But as someone who is actively having kids at 35, 37 and 38, I don’t want to think that I’m too old for this. I’m an old mom. Um, I don’t have the energy for this. I don’t want to think any of those thoughts. I want to think that I’m the exact age that I’m supposed to be having my family right now. I am the perfect age for my kids. I am so grateful that I get to be a mom because that was a desire that was on my heart. I love being a mom at this age. I am young. I am energized. I am vibrant. I am, you know, of course tired because I’m lacking sleep. But that’s not different than any other mom who’s 10 years younger than me. So I just choose to think of myself as healthy and young and capable. And you can do that too. There is no one in charge of what you believe about yourself. You do not have to buy in to the norm or the cultural narrative that older moms are too old or too tired or even that you are an older mom. So if you know that you have two kids and like this caller said she wants to have a third kid and she’s 43, and you know that you’re going to do that, then tell a story that supports that I am the exact age my kids are supposed to have.
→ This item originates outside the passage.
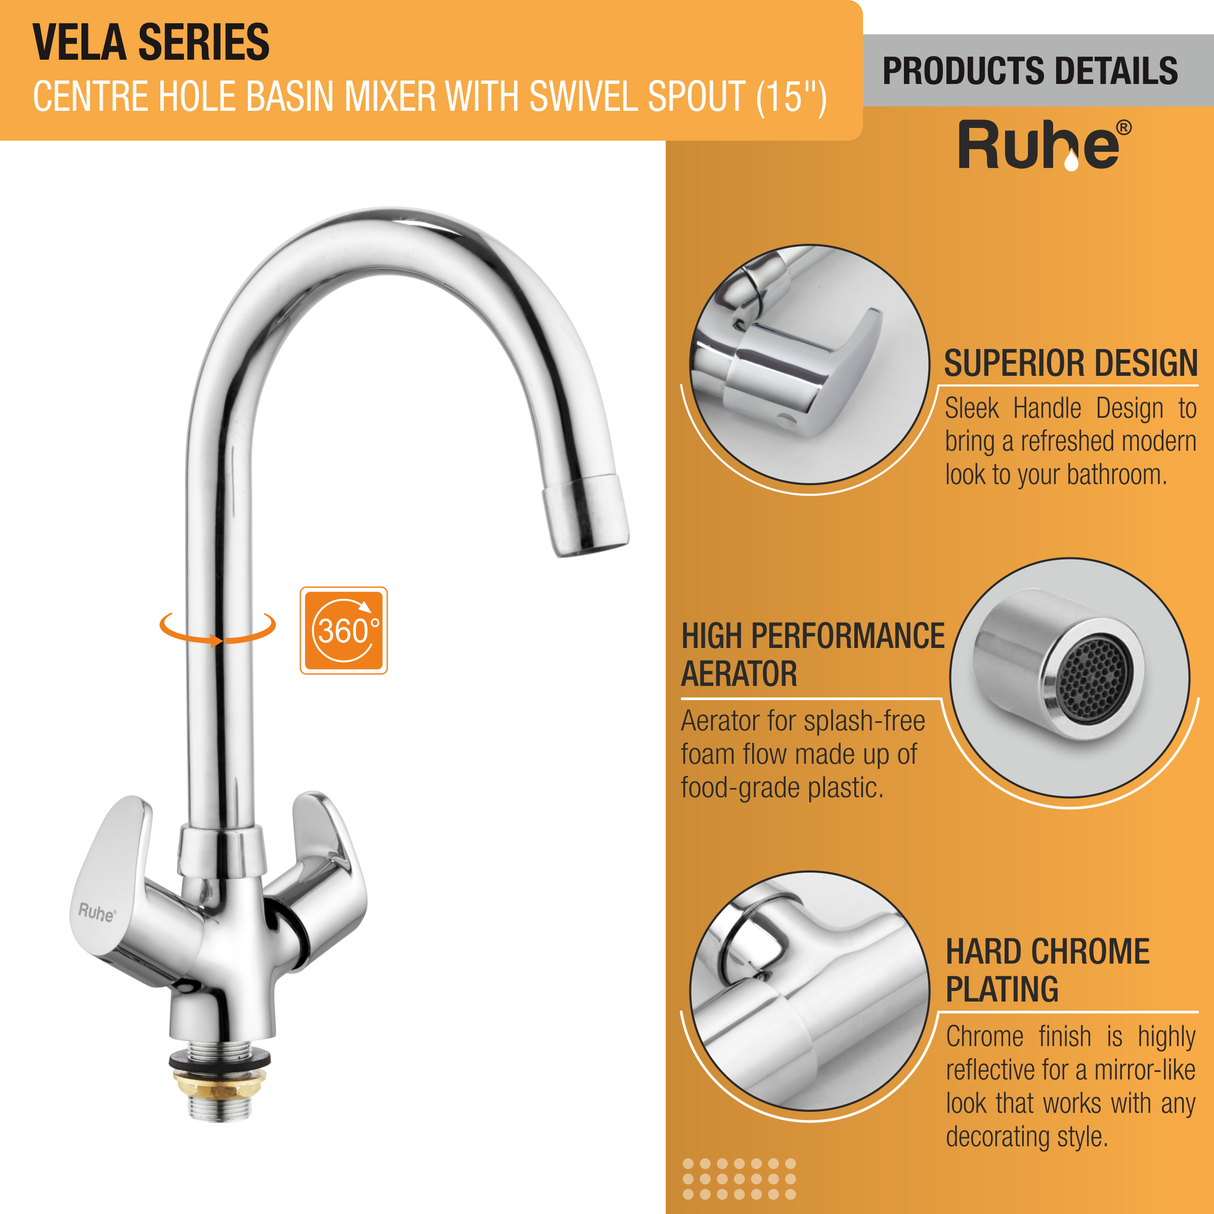 Vela Centre Hole Basin Mixer with Medium (15 inches) Round Swivel Spout Faucet details

One of my colleagues, another coach, she had her fourth child at 42 and I think her fourth child’s like eight or nine now. And I love the way that she talks about it. She never calls herself an older mom. She says, my youngest keeps me young and I love that. And she’s energized in the way that she talks about it.

And so other people might offer you thoughts and you might read something, but it’s your job to filter out those thoughts and decide how you want to think about yourself, particularly if you’ve already made the decision like it sounds like you have. Now, when it comes to making the decision, yes, consider the risks and also consider the opposite. So a lot of times when we’re evaluating something, we think about the cons of both, but we don’t think about the pros of both. So for example, I’ll coach a lot of moms who are navigating different school options for their kids. So let’s say you’re deciding between different elementary schools for your child. If you are thinking about the drawbacks of each, your brain is going to go into scarcity. And it will be really hard to decide because you’ll be so focused on what’s wrong with each one.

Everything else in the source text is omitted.